● **What the task requires**
Reproduce exactly the lines of this material that begin at the line with "Nastia swim in" and end at the line with "2 bedroom detached", both included. Omit the pictures and everything else.

● **Data provided**
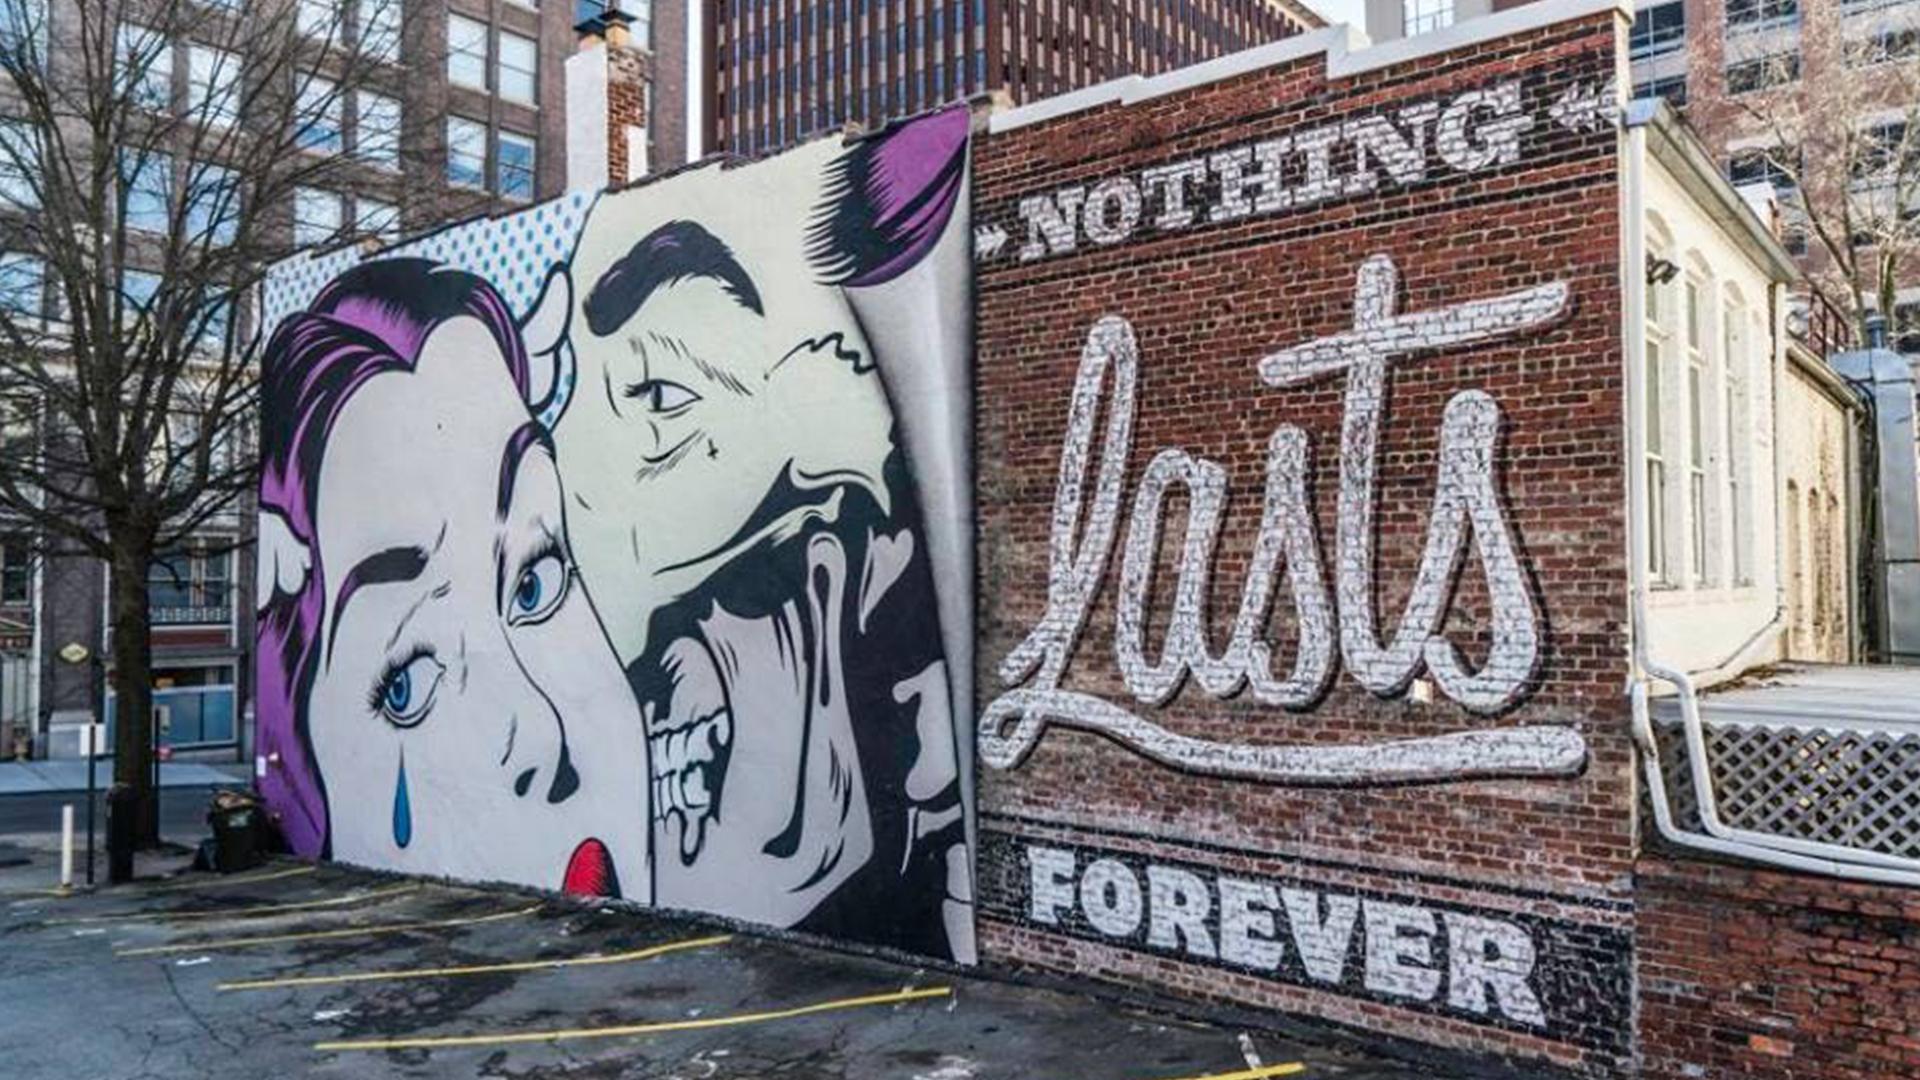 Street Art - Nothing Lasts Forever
--
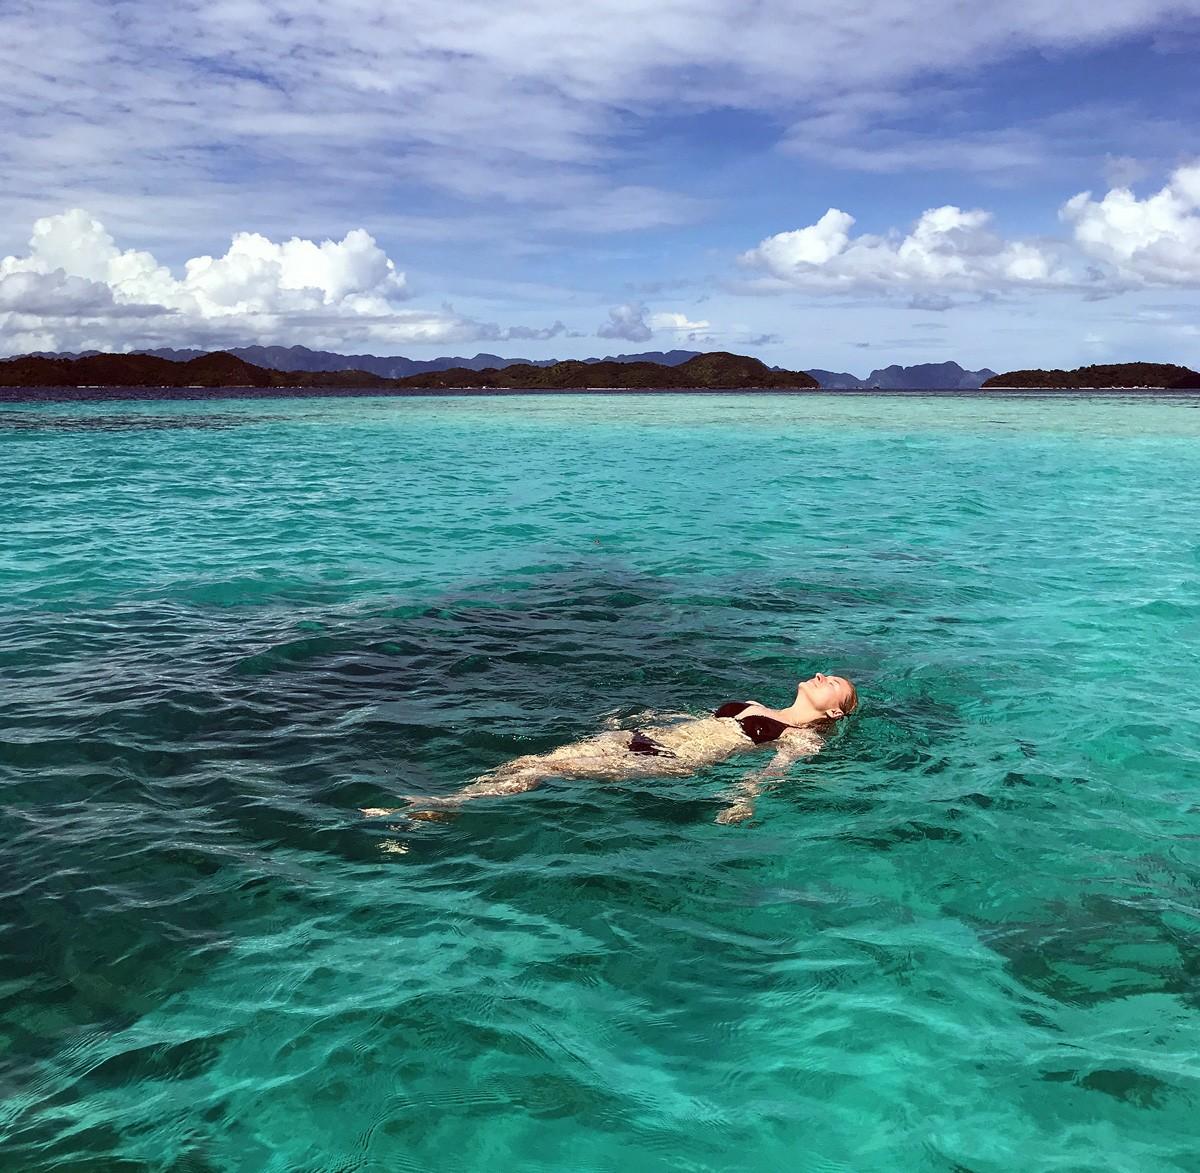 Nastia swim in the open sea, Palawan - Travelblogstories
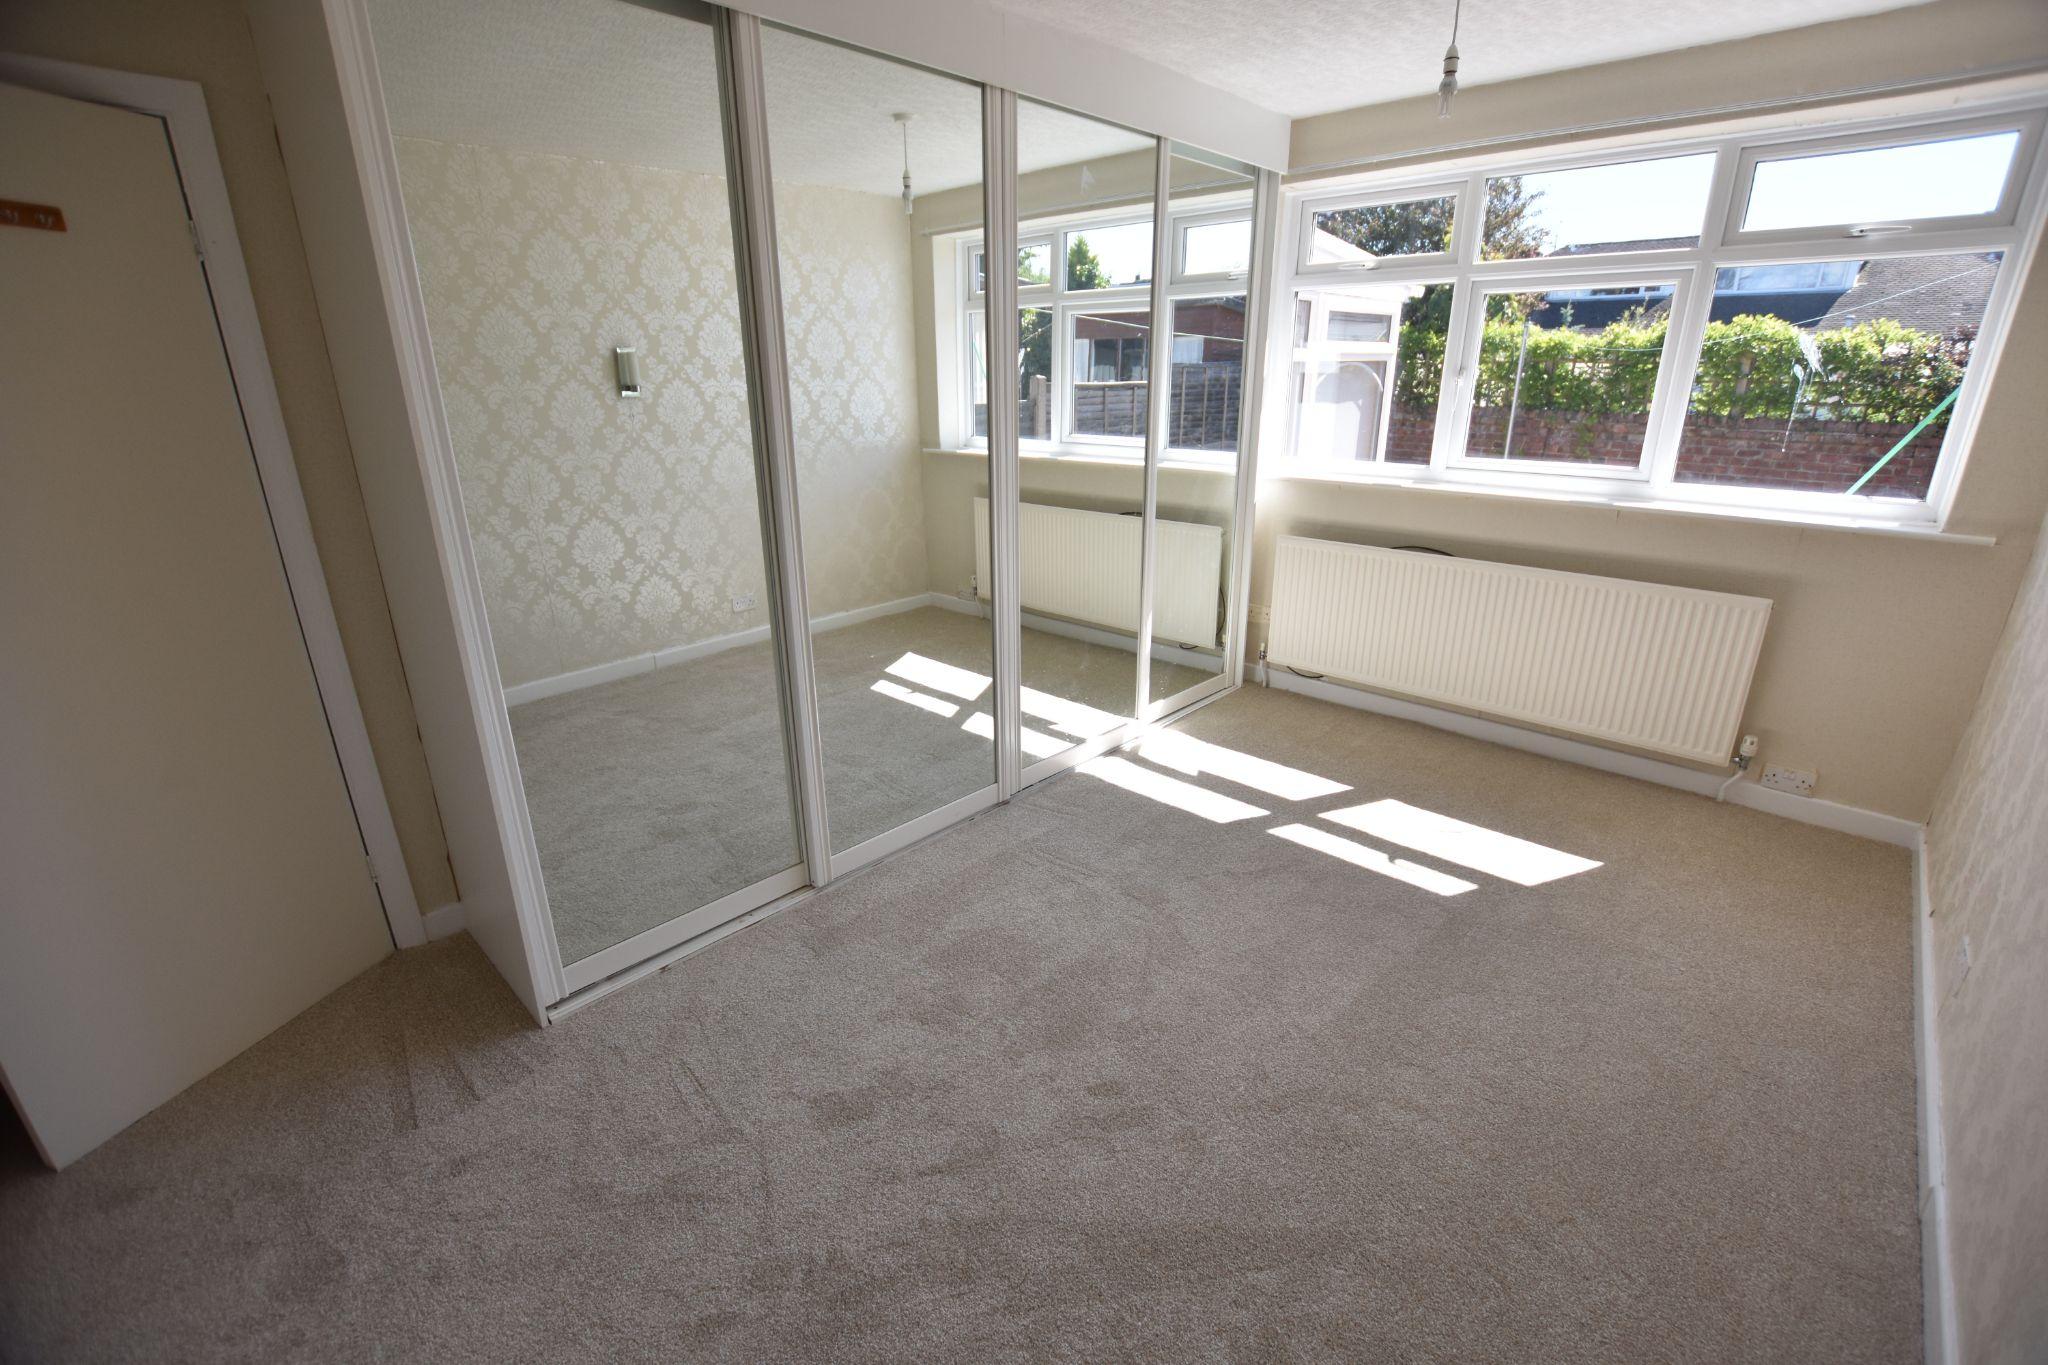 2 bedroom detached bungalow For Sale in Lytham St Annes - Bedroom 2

● **Answer to this task**
 Nastia swim in the open sea, Palawan - Travelblogstories
 2 bedroom detached bungalow For Sale in Lytham St Annes - Bedroom 2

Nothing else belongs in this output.